3 Min Read
Google Analytics has 1000’s of different views and combinations of metrics that a user can look at and drill down into. When we use analytics to report, we generally look for some simple views that provide strong data signals such as, top landing pages, what device has been used and what drives the conversions. Reporting on this is simple enough, but for most people this means looking at various different views and reports.
More recently, we have started to look at what can be viewed as a one stop shop to view all of your website data and performance on one page. The ultimate analytics page combines all the most important data into one screen:
– Bounce Rate
– Average session
To be able to see the complete data, you need to make sure you have goals set up, if you are a goal driven website, or for E-commerce websites, make sure E-commerce tracking is enabled. If you run a PPC campaign, then you must ensure the accounts are connected properly, and if you run any type of Email campaigns, then ensure all the links are tagged correctly.
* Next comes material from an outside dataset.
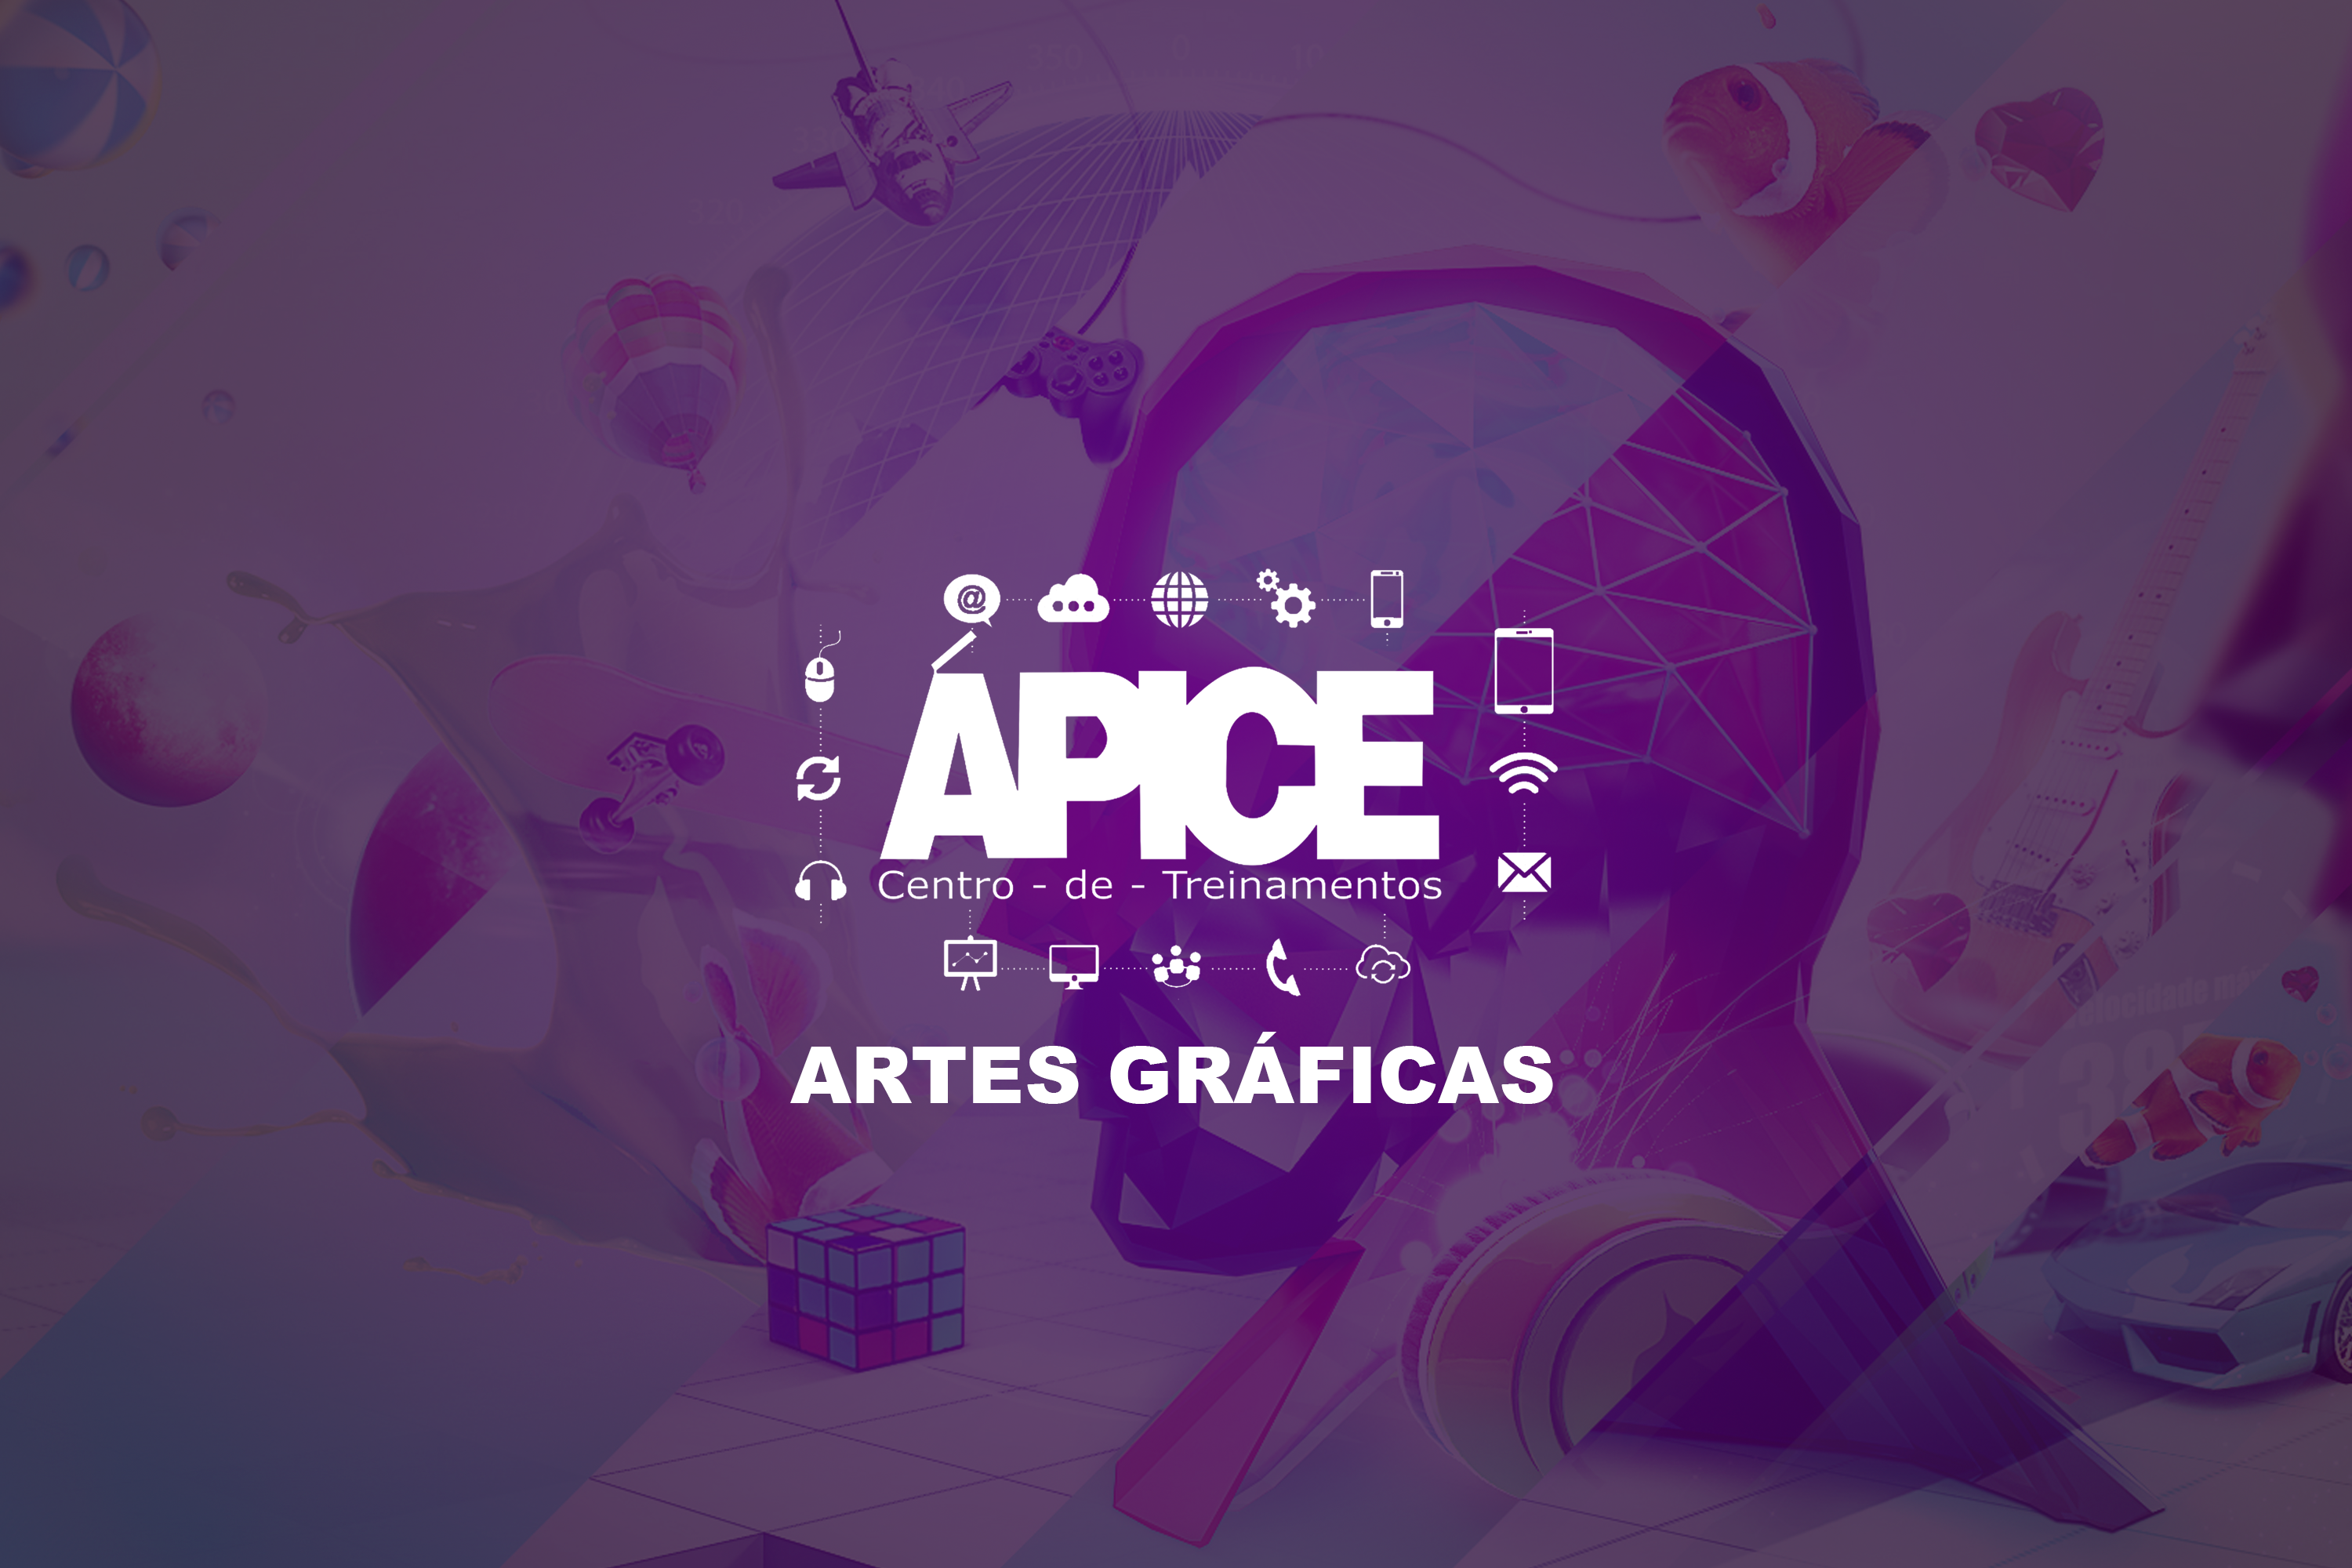 Artes Gráficas (QUA 18:00) - 2023/PA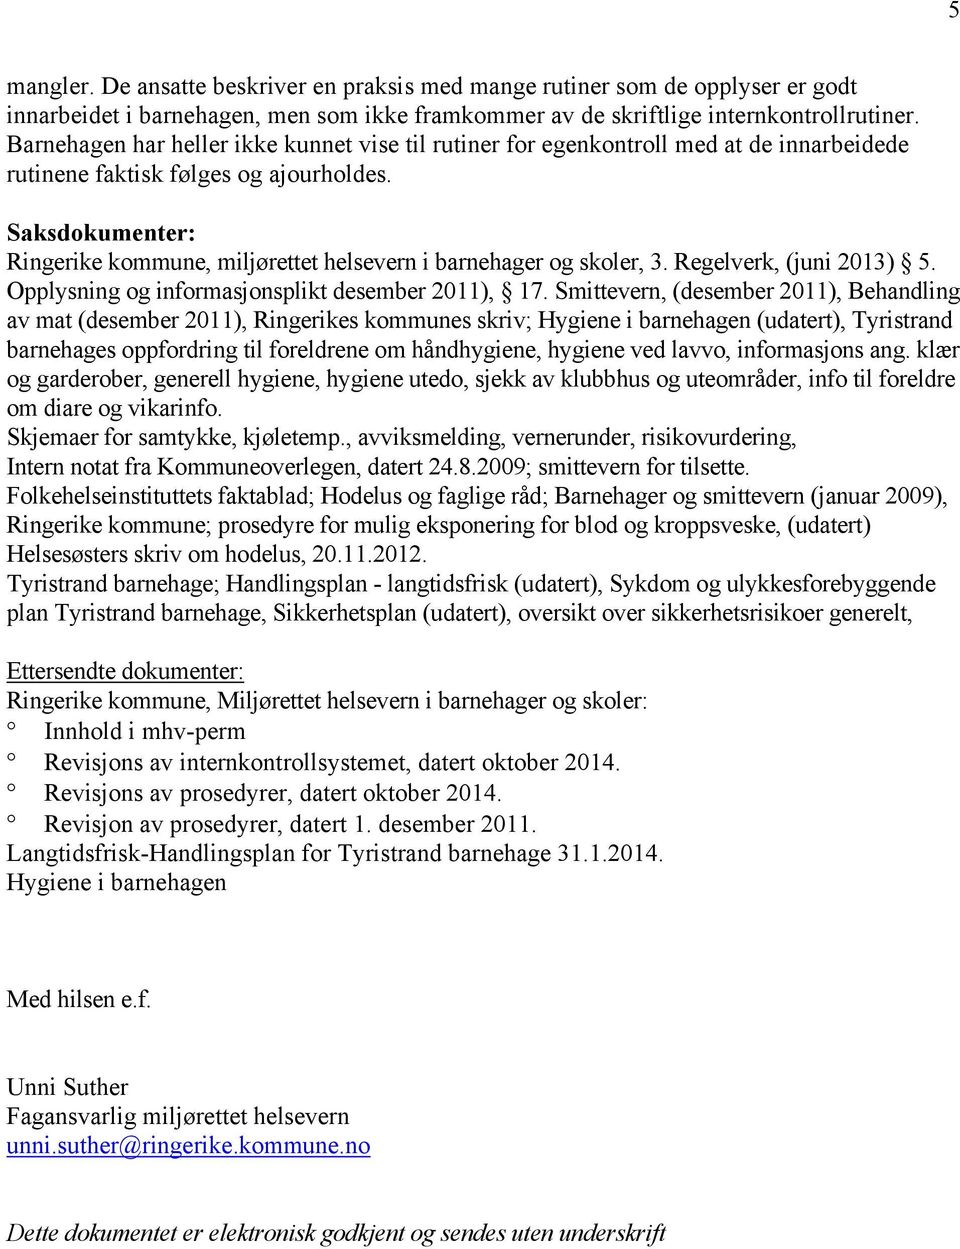 Saksdokumenter: Ringerike kommune, miljørettet helsevern i barnehager og skoler, 3. Regelverk, (juni 2013) 5. Opplysning og informasjonsplikt desember 2011), 17.

Once you have all this in place, you have a perfect screen to get a brief on the state of your website.
To see this magical view for yourself you need to do the following
– Log into your analytics account
– On the left hand side select Audience > Mobile > Overview
– Once this view is selected, then add a secondary dimension for ‘Source / Medium’
– View all the rows to get a better picture.
Once you have followed these steps, you will have a screen that resembles below
The default view organises the data by traffic. In my example, you can see that mobile traffic from Facebook is the biggest traffic source. Running along the column, you can see that this traffic converts at 0.29% which indicates traffic that doesn’t make a purchase on the website.
Lining up the traffic levels to the number of transactions, you can see that mobile traffic through Facebook drives 4 X more traffic than traditional desktop users, but the traditional users made 5 X more transactions on the website.
Overall, the bounce rate of the website 42%, this doesn’t really tell you anything of value because this is an average for all pages.
For example, Direct mobile traffic has a 44% bounce rate, were desktop search traffic has a 19% bounce rate. This highlights the mobile version of the website probably needs some work on it to improve the user experience, where desktop visitors are having a better experience.
The ultimate aim of this view is to highlight what traffic makes you money. Sort the column by revenue to see what combination drives the most money. In this example, Organic traffic from Google using a desktop computer drives the most revenue.
However, if you sort the column by conversion rates, we notice that the best converting traffic comes from people clicking on links in an E-Shot using a tablet.
Once you customise the view to what you want to see, then you can simply automate the reports to send you this information when you want it.
Simply click the ‘Email’ button towards the top of the page and set up the frequency of the reports and how you want the data sending you.
When you have this data, its great to use it as a sign post to direct you towards what needs addressing the most on your website. Use the data to set up dev tasks, or challenge your design team to improve vital data readings such has the bounce rate for mobile etc.